With summer fast approaching, magazine articles are encouraging us to get our bodies back, while giving tips on how to lose those extra lockdown pounds.
Despite my job as a nutritionist, I’m here to tell you that there’s no place for denial right now and we should all stop worrying.
During lockdown, food has had such focus. I’m currently enjoying the pleasure of new season peas-in-the-pod and English berries; the kindness of being included on a weekly challah rota and my favourite falafel shop delivering hot falafel to our door. We’ve eaten cookies, cakes and bread from yet another “maths” class — I’ve also never spent so much time in the kitchen.
With three ravenous boys and a constantly hungry husband, I’ve morphed into a balaboosta, endlessly cooking and doling out snacks. And in turn, this has increased my eating – it’s hard to resist warm just-baked pita or the last few chips from my kids’ plates.
As someone who has always been controlled with my eating, I’ve turned to food to cope with the stress and boredom and predictably, have gained a few pounds. This extra weight wouldn’t even show to others, but I can tell, and I’ve struggled with my feelings towards it. So I’ve recently been trying to make some changes that may seem unexpected.
I’m ditching the guilt. Lockdown has brought its fair share of angst — that we’re not doing enough for our elderly relatives, for our children or maybe for the community. So the one thing we really should not feel remorse over is our eating, and any weight-gain.
If you’re feeling guilty, I’m here to tell you to stop right now! In these strange times we need to be kind to ourselves and stop the voices in our head which say we’re ‘too fat’, or we ‘have no willpower’. Easy to say, but not so simple in practice.
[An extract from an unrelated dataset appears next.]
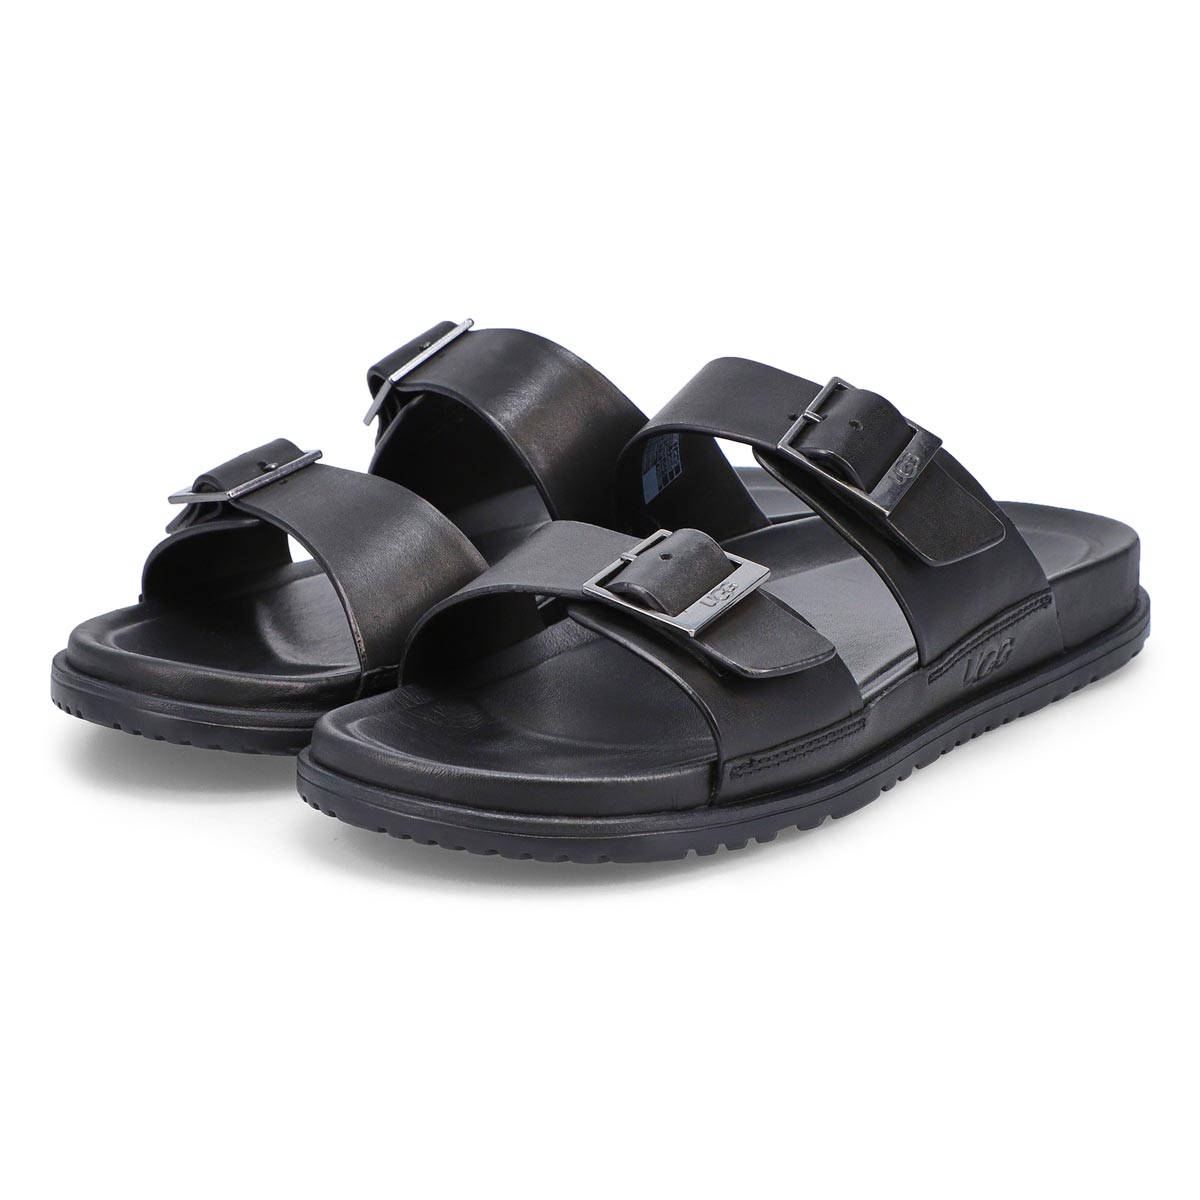 Men's Wainscott Buckle Slide Sandal - Black

It’s something I’m working on with myself, and with my clients.
I’m a fan of a popular ‘anti-diet’ movement called Intuitive Eating, the principles of which are useful to follow for anyone struggling with their weight, body image and feelings around food. The idea is based on a best-selling book of the same name, published in the mid-90s, and is now gaining momentum with social media. It has real resonance currently, when we’re expected to emerge from lockdown like butterflies.
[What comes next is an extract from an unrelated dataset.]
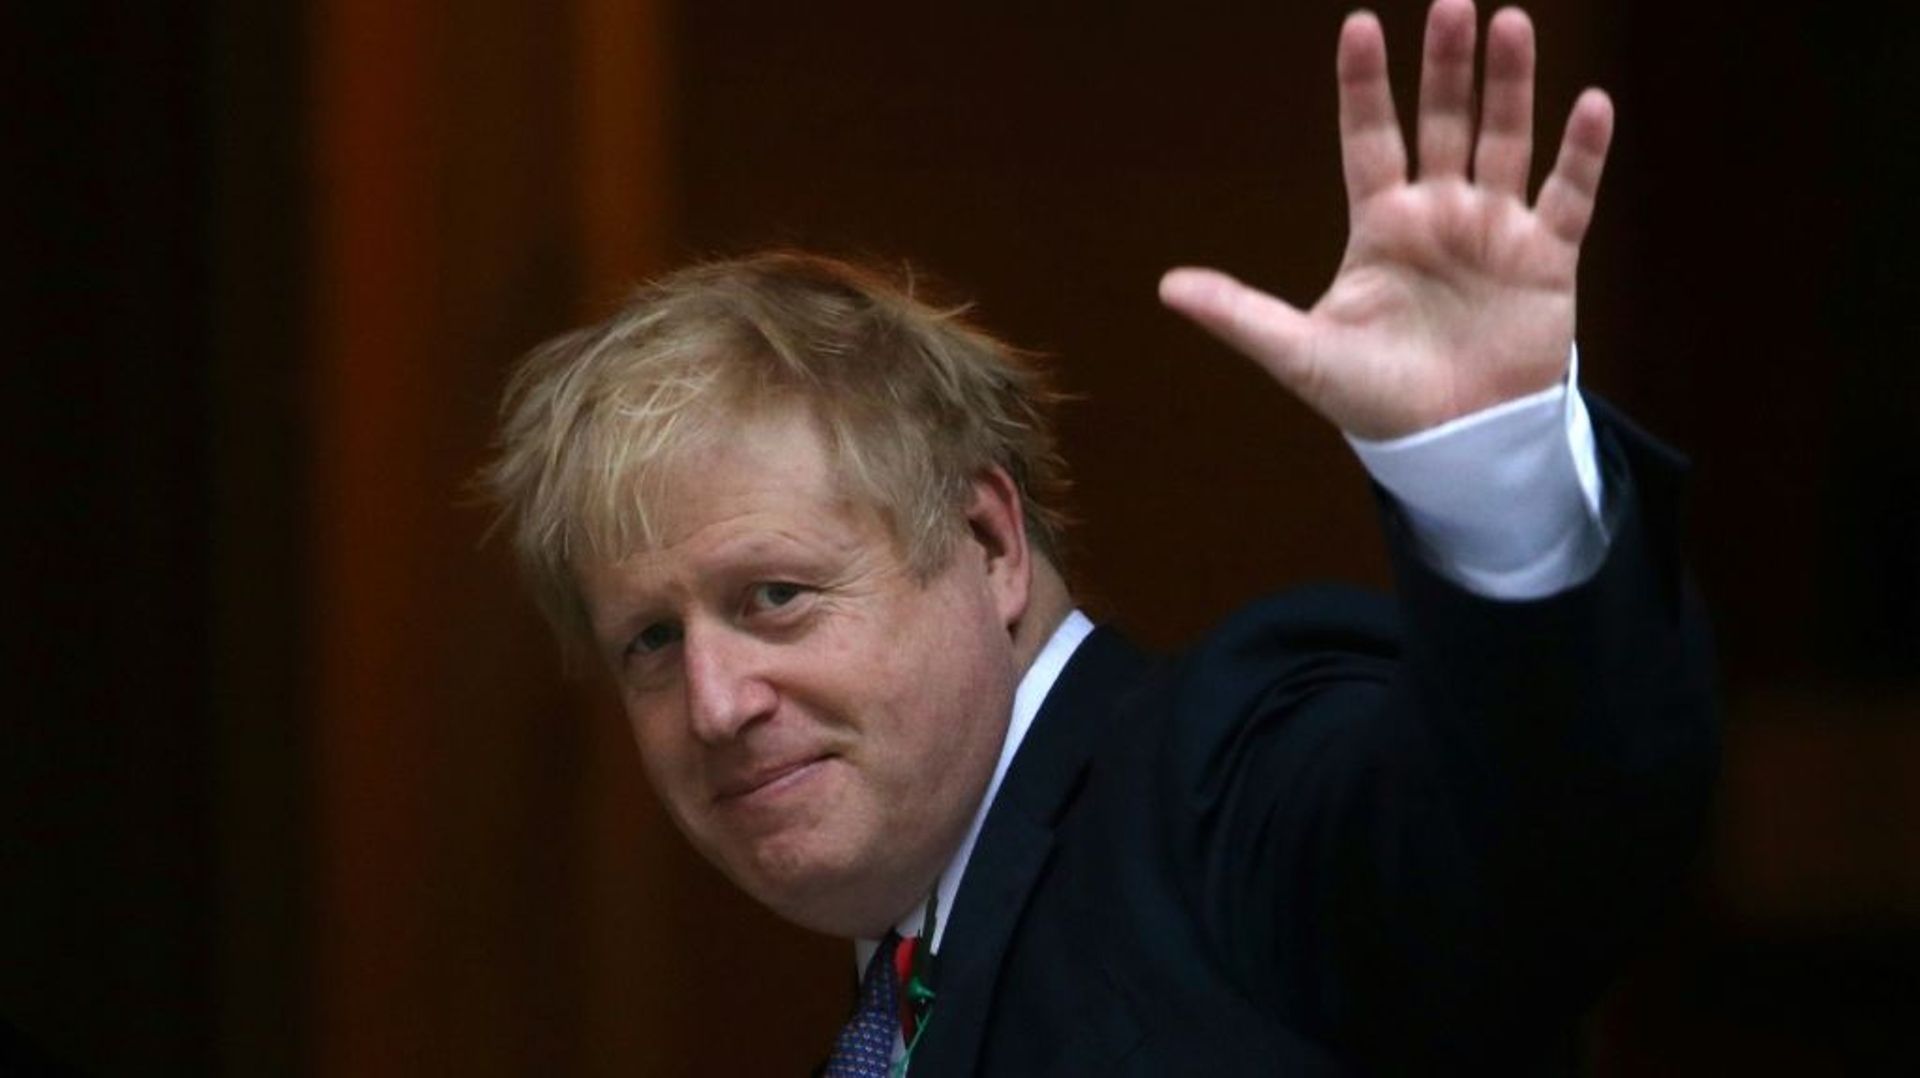 Le Premier ministre britannique Boris Johnson devant le 10 Downing Street, le 28 octobre 2019 à Londres

The end goal is not about weight loss — though that might happen — but instead, knowing about the foods and movement to include to make your body feel good. It’s about focussing on health, not size and rejecting the idea we need to look a certain way.
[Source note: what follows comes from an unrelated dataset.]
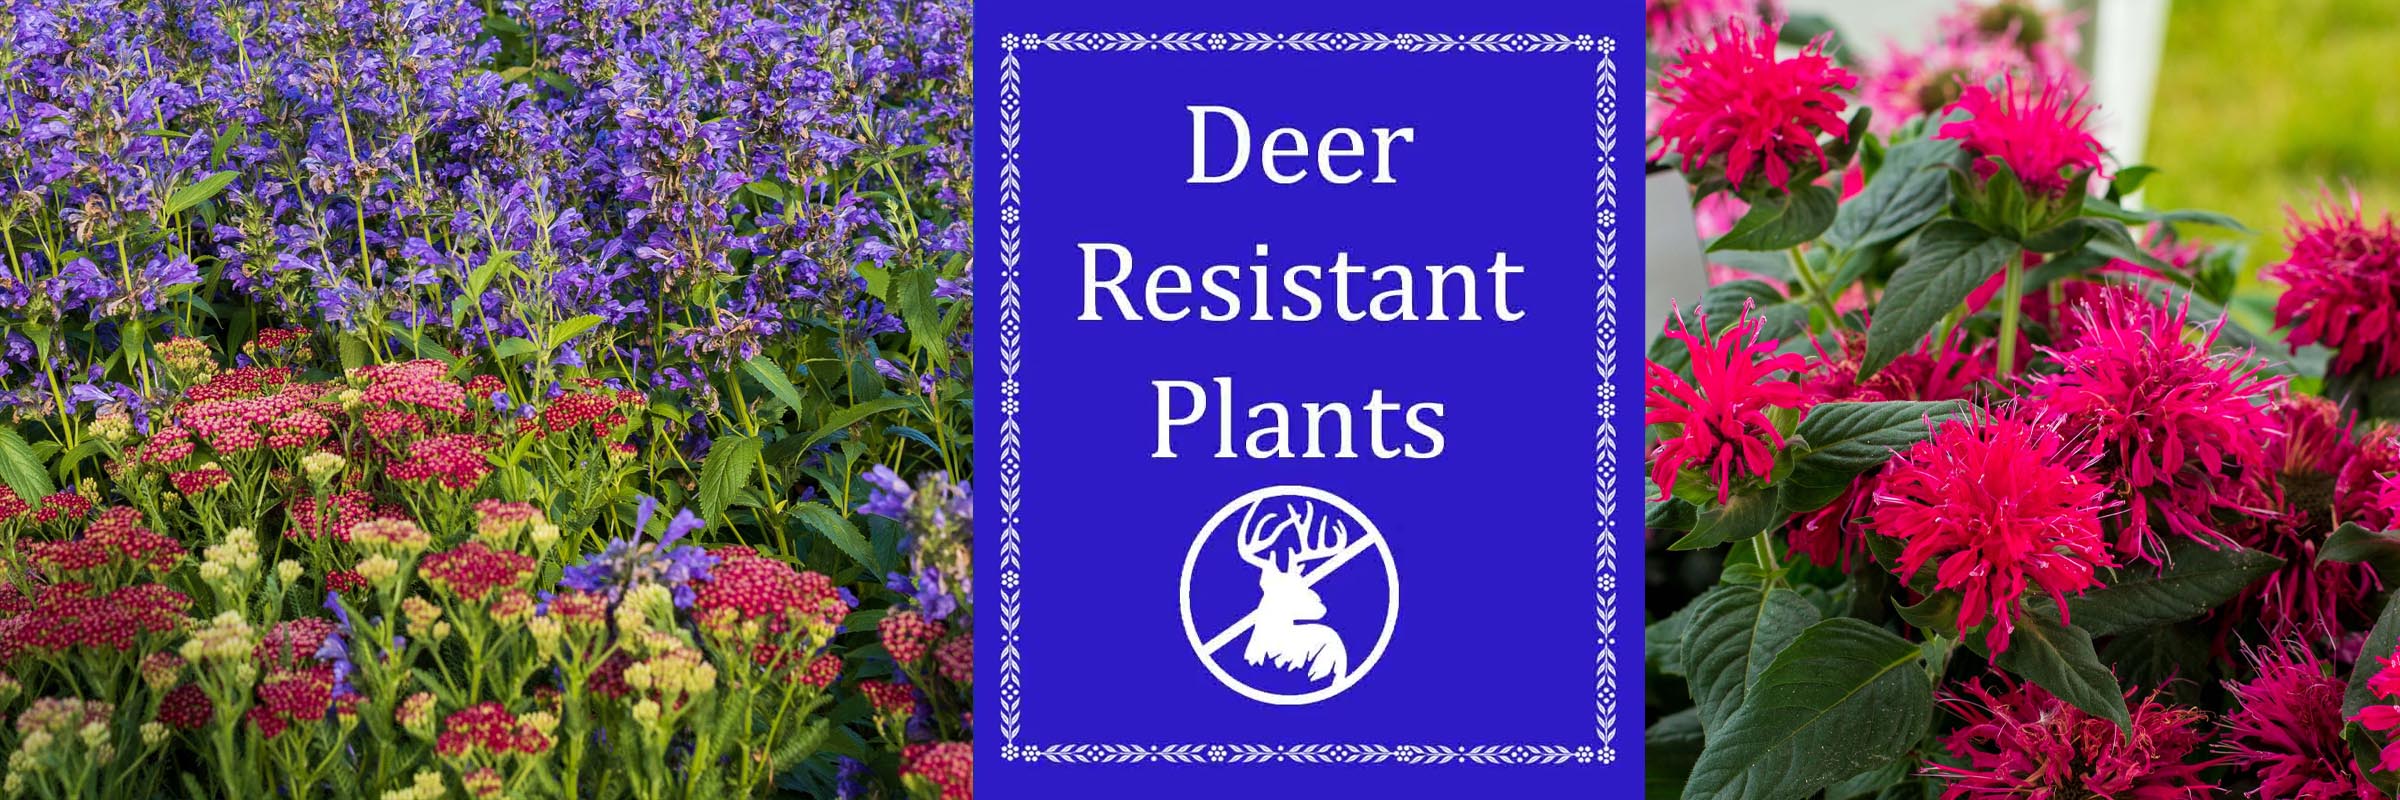 Deer Resistant Plants Sugar Creek Gardens

There are ten principles, but here are a few key ones that I’ve found most useful:
1. Make peace with food: Categorising foods as “good” or “bad” only increases our guilt and feelings of poor self-worth. We all know a biscuit isn’t as nutrient-dense as a carrot; but deny yourself that biscuit, and you’re more likely to crave it, binge on it, feel guilty and the cycle continues. So next time you fancy the biscuit/slice of cake/piece of challah eat it! My golden rule though is to sit down to eat; no furtive shovelling behind the cupboard door — enjoy it!
2. Honour your hunger:
Try and really listen to your body and respond to your hunger cues. When you go to eat, ask yourself “am I hungry, or am I bored/sad/stressed?” If the answer is yes to hunger — eat! You may also find this idea liberating if you’re someone who feels forced to eat at recognised mealtimes, despite not being hungry. If you’re waking up later in lockdown you may then find it might suit you better to not eat breakfast at all; or maybe enjoy a late breakfast, skip lunch and instead eat a snack in the afternoon.
3.Feel your fullness:
Stop eating when you’re full and take time to notice what your hunger level is. With more time to spend over your meals at the moment, you may be more able to pause mid-meal to think about how the food tastes and what your current hunger level is. There’s nothing wrong with eating a big bowl of pasta if that’s what you want, but the idea is that you listen to your cues and stop eating when you’ve had enough.
4. Respect your body:
Make peace with the body you have. This one can be challenging — who truly ‘loves’ their body? Our weight and body shape is often so tied up in our self-esteem. However since the Coronavirus outbreak we really do have reason to start being thankful for our bodies — either for fighting off the virus if we’ve contracted it, or for protecting us from it. Despite our negative thoughts, our bodies are working hard for us, fighting, protecting and keeping us going.
Whilst Intuitive Eating is anti-diet, it is not anti-nutrition, and nor am I. Working through the principles, the idea is you gradually learn to intuit what your body needs, and how it feels good. Though there are no right or wrong foods. You might find that after a few days of eating only processed food, you don’t feel great; but with a variety of fresh produce and minimally processed foods you can enjoy a bowl of ice cream without any negative thoughts or emotions creeping in.
It’s definitely a work in progress, but I know for me at least, one worth trying.